Minimal layout without photo is the standard for warehouse roles — it's easy to scan and ATS-friendly.
Profile example
„Warehouse Clerk with 4 years of experience in a 12,000 m2 distribution center. Comfortable with SAP WM, RF scanning, and counterbalance forklift. Available for early and late shifts, English B2.“
Example bullets for work experience
- •Goods receipt, put-away, and picking of an average 250 line items per shift in SAP WM
- •RF-scanner accuracy of 99.6% over the last 12 months — well above team average
- •Performed cycle counts and quarterly inventory; variance investigation and reconciliation
- •Trained 3 new warehouse staff on SAP WM workflows and RF-scanner usage
- •Operated counterbalance forklift (license class 1) for daily replenishment cycles
Tips specific to Warehouse Clerk
- 1.WMS and scanner experience in your top 5 skills, with the specific system named (SAP WM, Manhattan)

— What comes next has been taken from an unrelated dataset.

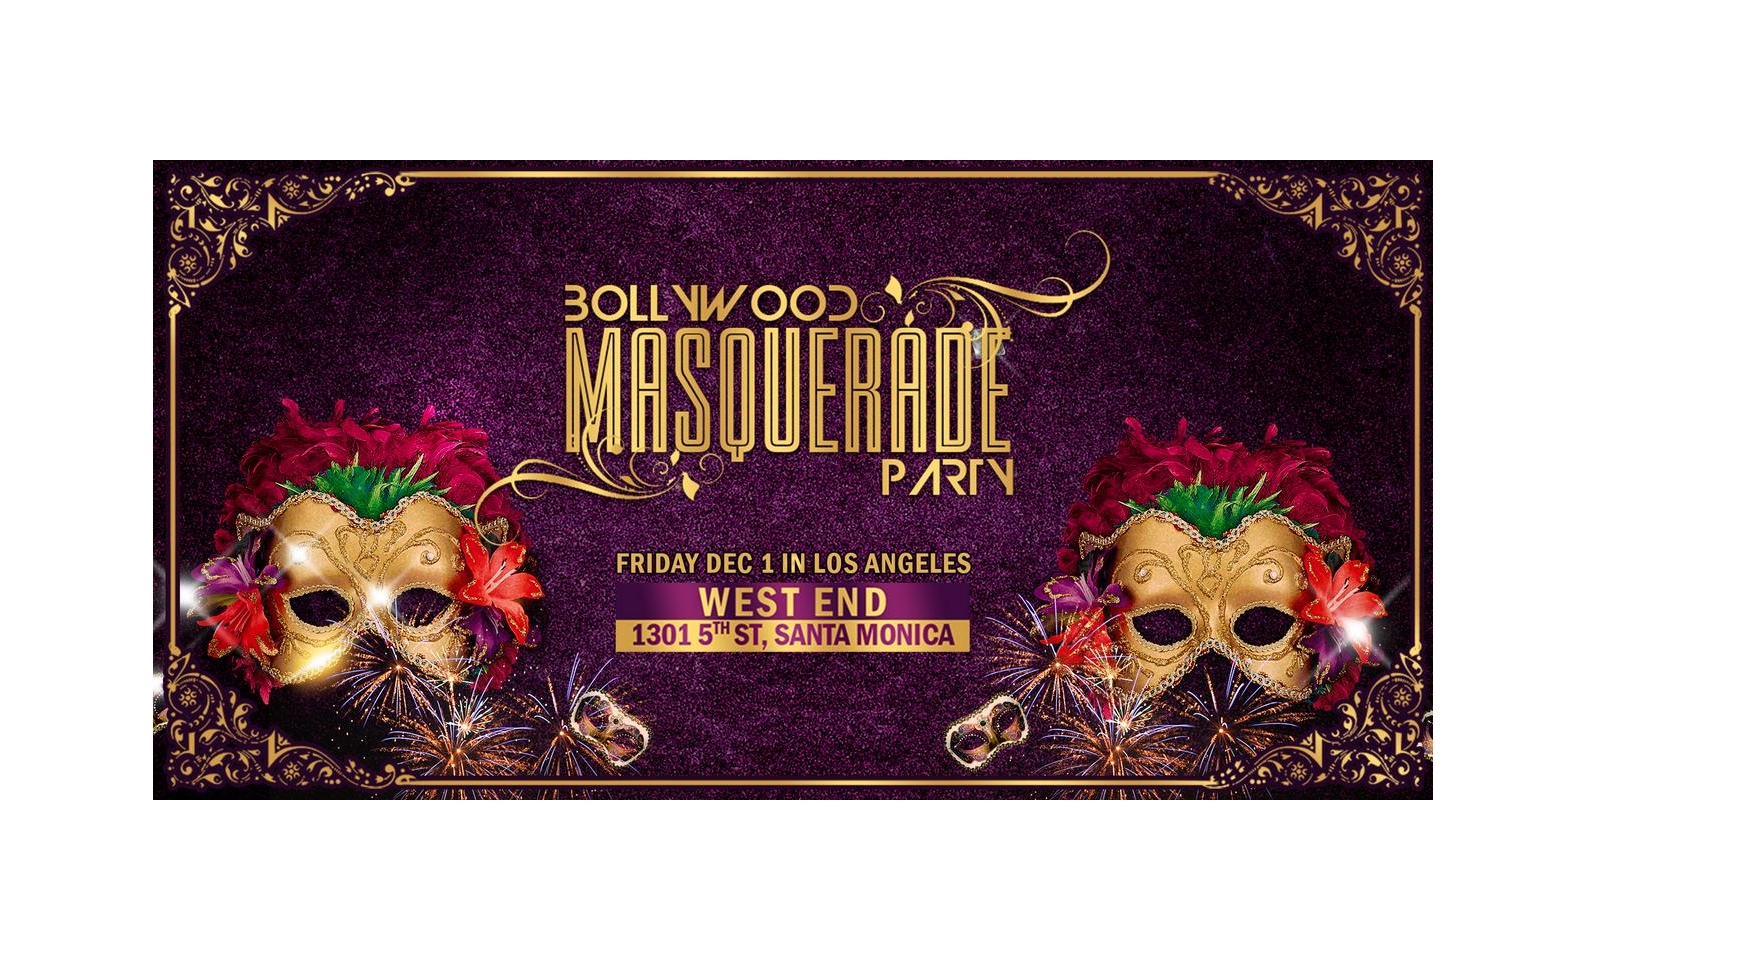 Bollywood Masquerade In Los Angeles Buy Tickets Online | Santa Monica , Fri , 2017-12-01 | ThisisShow

- 2.Quantify throughput (lines/picks per shift) and accuracy where possible
- 3.Forklift license class and years of use prominent
- 4.Shift availability and earliest start date in the profile
- 5.Career changers welcome — note willingness to be trained on the WMS
Frequently asked questions
Do I need WMS experience?
Helpful but not always mandatory. Many employers train on the in-house system; reliability and shift availability matter more.
Should I list every forklift type?
List the license classes you hold. Naming every brand of truck you have driven adds little.
How important are shift preferences?
Very — shift fit is one of the first filters in logistics hiring. Be explicit about what you can and cannot do.